An American Automobile Association’s (AAA) study has revealed shifting attitudes with self-driving cars.

According to the study, 73 percent of American drivers are afraid of riding in an autonomous vehicle, signaling a 10 percent jump from a January study, with two-thirds reporting feeling less safe if they were to share the road with one. Millennials surveyed posted the most significant shift, with 64 percent reporting in the negative over a late 2017 figure of 49 percent.
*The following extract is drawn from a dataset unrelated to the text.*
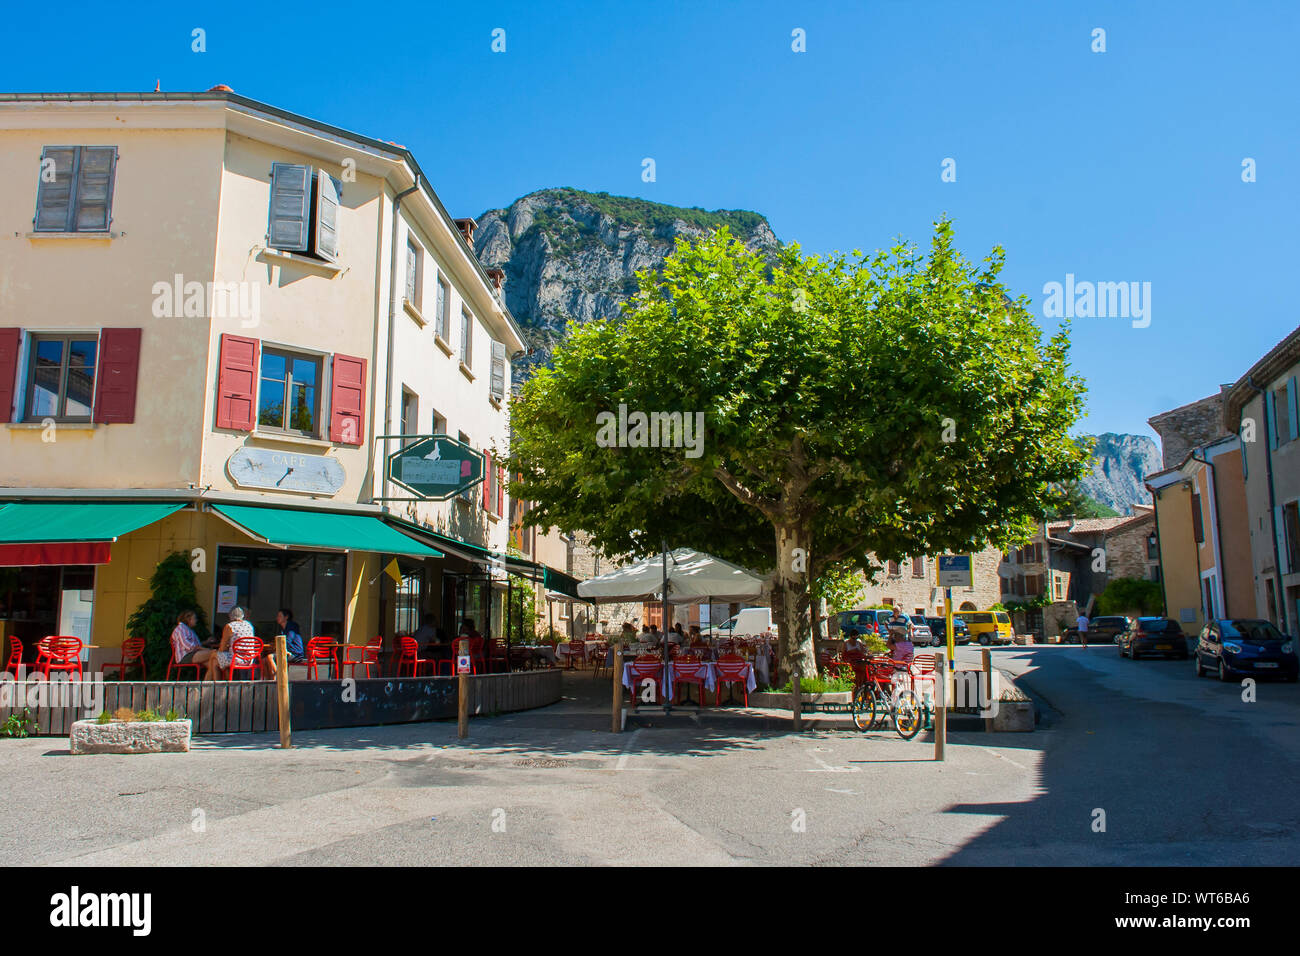 3 agosto 2015 un piccolo cafe la bordatura di un tipico villaggio francese quadrato in Drome regione di stile provenzale nel Sud Est della Francia Foto Stock

“Despite their potential to make our roads safer, in the long run, consumers have high expectations for safety,” said Greg Brannon, director of Automotive Engineering and Industry Relations at AAA. “Our results show that any incident involving an autonomous vehicle is likely to shake consumer trust, which is a critical component to the widespread acceptance of autonomous vehicles.”

SEE ALSO: Consumers Are Very Confused About Self-Driving Cars, Study Shows

The shifts in attitudes could be attributed to the slate of well-publicized crashes involving autonomous vehicles, including an Uber self-driving program vehicle killing an Arizona pedestrian last March, a non-fatal Tesla Model S crash in Utah, and a Model X crash in California where its Autopilot system was scrutinized.

The AAA used randomly selected 1,014 adults to complete the survey, with a 4 percent plus or minus margin of error.